Doyle, I see what you are getting at now. Yes we have a powerful military, but there are many draw-backs from excessive politism (is that a word? My spell-check says "no") There are abuses and scandals with government contracts to private organizations. And also the pointless and horribly expensive mission to control the middle east by force. If our military was used for defensive purposes, then it would be great. But again, that call is made by politicians.

My bottom line is this: The majority of the population is chronically ill. There is no system imaginable that can deal with that. The government getting involved is just another way to get a slice of our pie. Yes the people not getting treatment is a shame, but that is how it will always when you take personally responsibility out of the equation.

john doyle said...

Matt -

From my personal experience and from empirical evidence, the French healthcare system delivers care that's as high-quality as it is in the US and does it efficiently and equitably but at far lower costs. I'm not persuaded that the US government can be as successful, however, mostly because the elected officials of both parties are owned by corporate interests instead of being true representatives of their constituencies. But as I said, both Medicare and the Federal employees' health plan are well-run and less expensive than private-sector alternatives, so I think there's some reason for hope there. But I've said my peace here; thanks for the discussion.

"Personal responsibility" -- you mean people who can't afford care deserve their fate because they can and should be earning more money?

samlcarr said...

A little thought on what we mean by 'healthcare' may be useful. The fact is that most of what is provided as primary care is itself both unnecessary and needlessly complicated.
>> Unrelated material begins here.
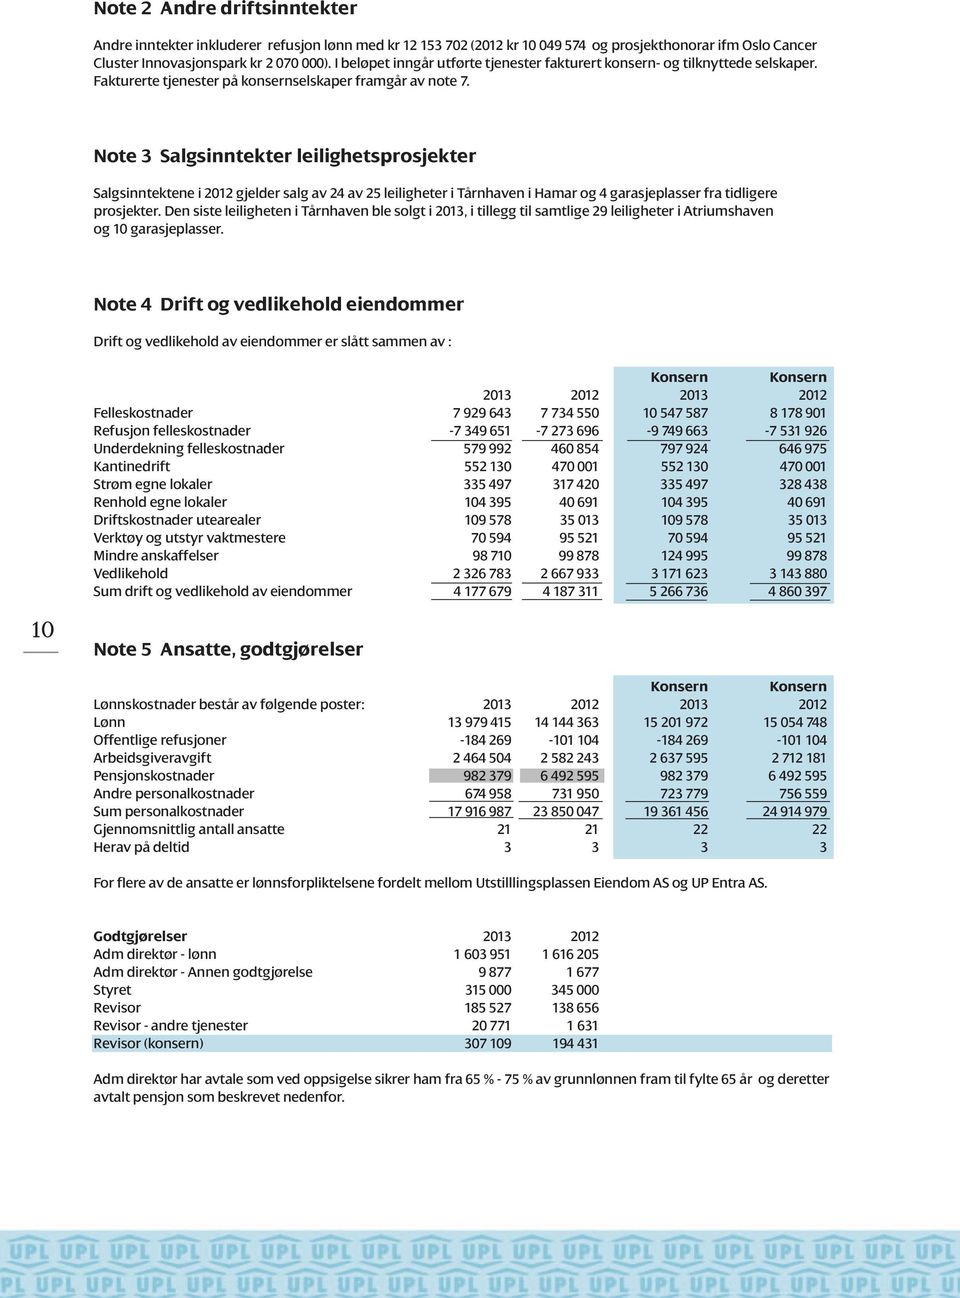 Note 3 Salgsinntekter leilighetsprosjekter Salgsinntektene i 2012 gjelder salg av 24 av 25 leiligheter i Tårnhaven i Hamar og 4 garasjeplasser fra tidligere prosjekter.

There are probably only about 20 medicines that could be considered as necessary and that should be commonly and inexpensively available.

If you take a disease like 'high blood pressure' this can quite effectively be controlled by reducing salt intake and increasing urine output. The one is voluntary and the other is very inexpensive.

Yet we have ACE inhibitors, calcium channel blockers, beta blockers, ARBs and whatnot else 'available' and all at a royal cost. I wonder why?

Jonathan Erdman said...

The last few comments seem to be directing us to our nation's lack of health. If people do not take care of their bodies (and minds/soul/emotions/psyche/etc.), then this will result in a huge strain on the health care providers. But our American lifestyle dictates that we spend as much time as possible in "productive" ventures. We work as much as possible. We drive so as to get places as quickly as possible. But this results in obesity and a host of problems related to bodily inactivity and psychological stress.

Other nations have shorter work weeks. They use bicycles as a primary means of transportation. Sounds like simple ideas, but until we actually implement more healthy approaches to life, then it will continue to take its toll on our health. What we need is a shift in priorities.

Matt said...

Doyle,

Not at all. Personal responsibility is taking care of your health the best you can. As Sam eluded to, many diseases are fairly easy to treat, and even easier to prevent by following good health practices. Granted there is a lot of conflicting information when it comes to diet and exercise, but really most people don't even try. (I mean really try, not just a couple weeks after New Years)

Jon,

I agree. Since the French have been mentioned... Aren't they generally healthier as a population? Less burden on the system gives it a better chance for success.